In conclusion, high risk postpartum women should be screened for PPT and individuals with both subclinical and overt PPT should be followed for long durations. Timely diagnosis of the disease and appropriate clinical management and follow-up are vital and improve the quality of life of both mothers and their infants.

Postpartum thyrotoxicosis

Hyperthyroidism occurs more frequently during the postpartum period than at any other time in women. The incidence of postpartum GD is 0.2% (28), whereas that of hyperthyroidism due to postpartum thyroidits is 10–20 times more than GD in other periods of a woman’s life (9,45).

Pathophysiology

The immune suppression present during pregnancy is lost after delivery; however, its return to normal following a period of exacerbation of autoimmunity occurs between 3–12 months postpartum and can cause the onset, relapse or exacerbation of autoimmune thyroid diseases (44-46). Therefore, women with a history of GD, in particular those with hyperthyroidism in the first trimester of pregnancy are more likely to have a relapse or exacerbation of symptoms of hyperthyroidism.

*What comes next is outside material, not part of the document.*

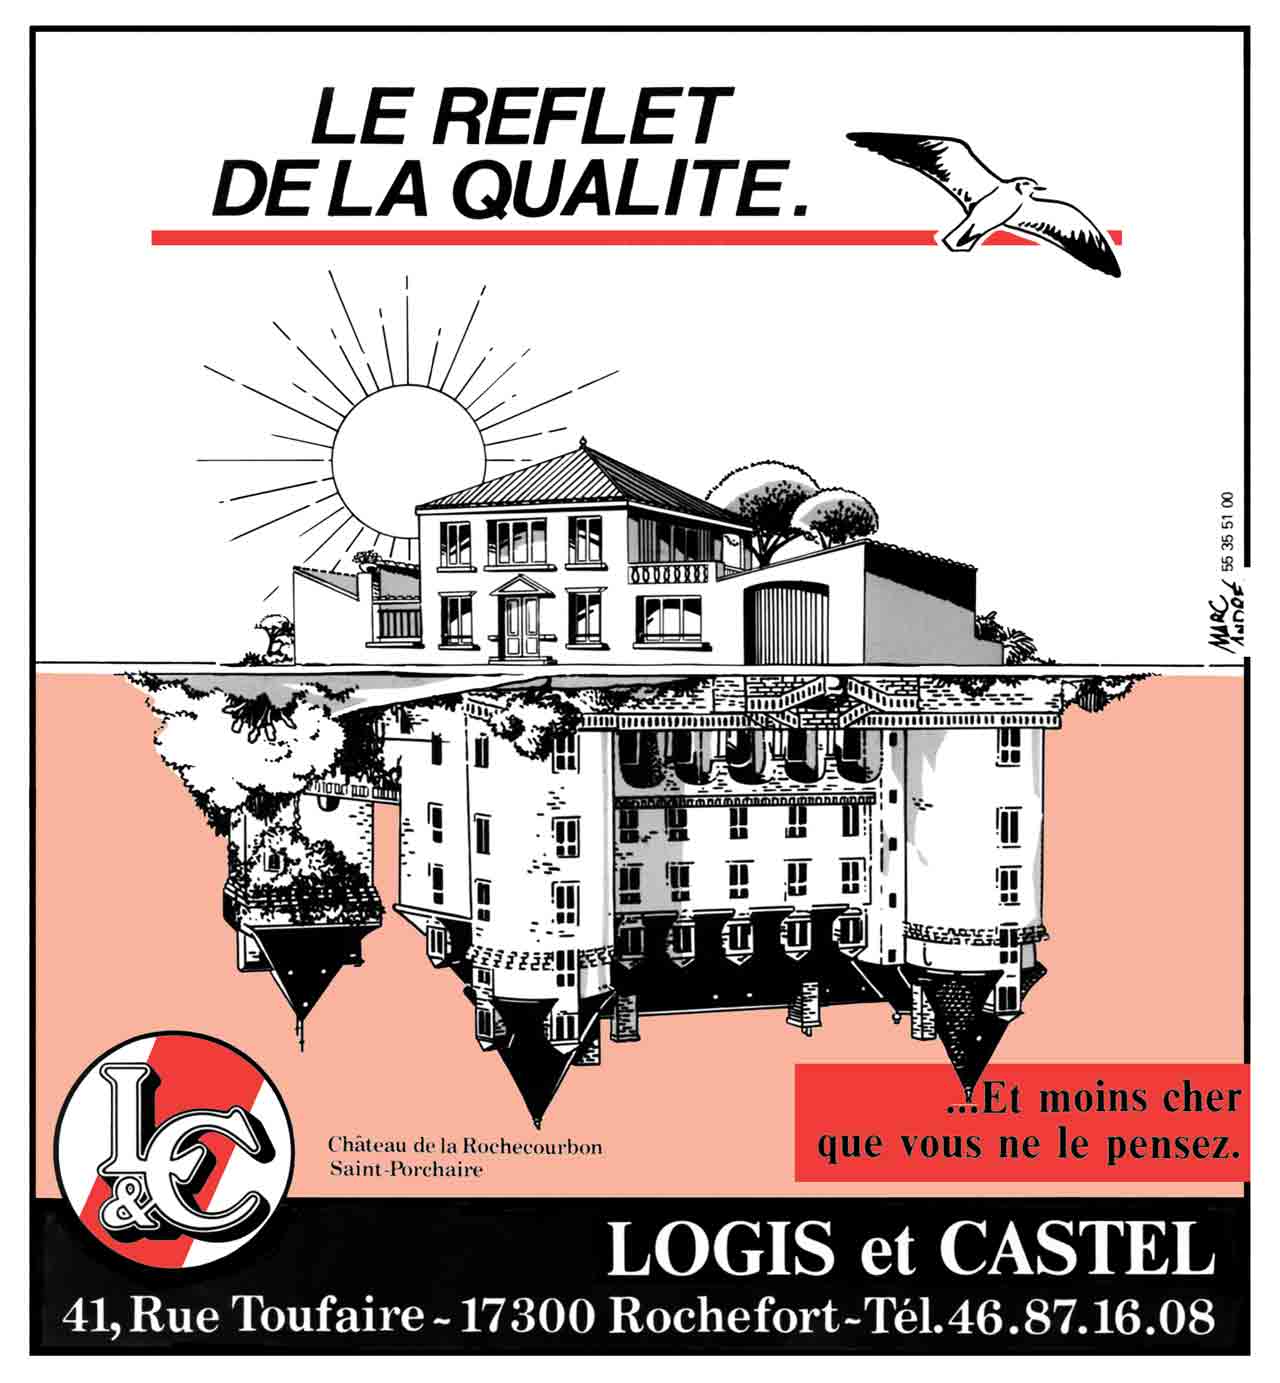 Annonce-presse Le reflet de la qualité 1989 Logis & Castel agence de Rochefort Chateau de la Rochecourbon à Saint-Porchaire.

In GD, TSH receptor antibodies (TRAb) stimulate thyroid hormone production and secretion by binding to TSH receptors of thyroid cells. Like other autoimmune reactions, the TRAb effect is also suppressed during pregnancy, which explains the improvement or remission of hyperthyroidism in some patients in the third trimester of pregnancy. However, this autoimmune suppression ends a few weeks after delivery when the serum concentration of TRAb may increase, leading to stimulation of thyroid function.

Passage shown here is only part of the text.